– За это, кстати, за непочтение к прекрасным дамам, я презираю их больше, чем… Чем за другое…
Рассчитал я, видимо, верно – она всполошилась:
– Спасибо за "прекрасную даму", но за что это вы их презираете ещё?
– За многое! – растерялся я и в поисках объяснения обернулся к грубияну, который, стоя за мной в частоколе подобных ему будничных дней, на что-то им жаловался. – Евреи, знаете, постоянно жалуются, потому что у них – как это сказать? – сильный комплекс будущего… И ещё потому, что людей ничто так не сплачивает, как жалоба…

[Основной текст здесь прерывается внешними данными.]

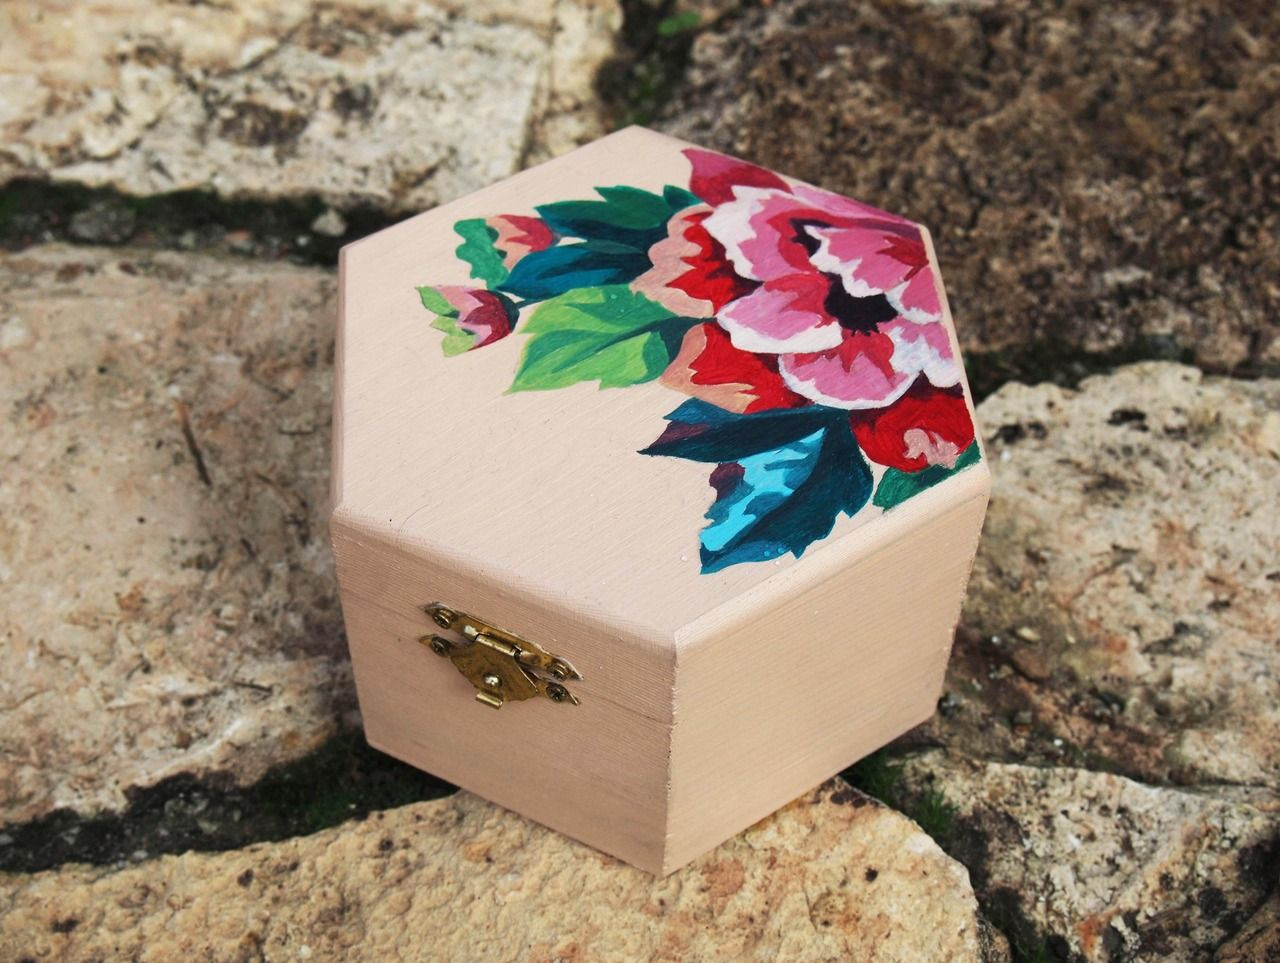 Wood Box Painting Ideas
 Hand painted wooden box with acrylics by Manuela Lendoyro

– Много энергии! – пожаловалась Суббота.
– И как ни парадоксально, знаете, у них – воля к смерти! Мазохизм! Хотя жалоба сплачивает, обыкновенным народом они быть не желают… И из всех чувств, которые сплачивают, они довольствуются только болью при обрезании и общими жалобами… Чаще всего на то, что все желают им смерти… А эту опасность они внушают себе сами… Чтобы жаловаться.
Испытав наслаждение от клеветы, я добавил:
– Кстати, вся эта херовая идея насчёт избранничества – это и есть воля к смерти. То есть – кретинизм! – и, рассмеявшись, я вполголоса договорил. – Но этот грубиян на избранничество рассчитывать не вправе: выглядит как окружение, в котором – посмотрите! – все похожи даже не на евреев, а хуже – на понедельник… И вообще у евреев короткие ноги.
– Да, правильно, они все евреи, – ответила Суббота. – Мы прилетели вместе из Тель-Авива.
– Вы вернулись из Израиля? – встрепенулся я.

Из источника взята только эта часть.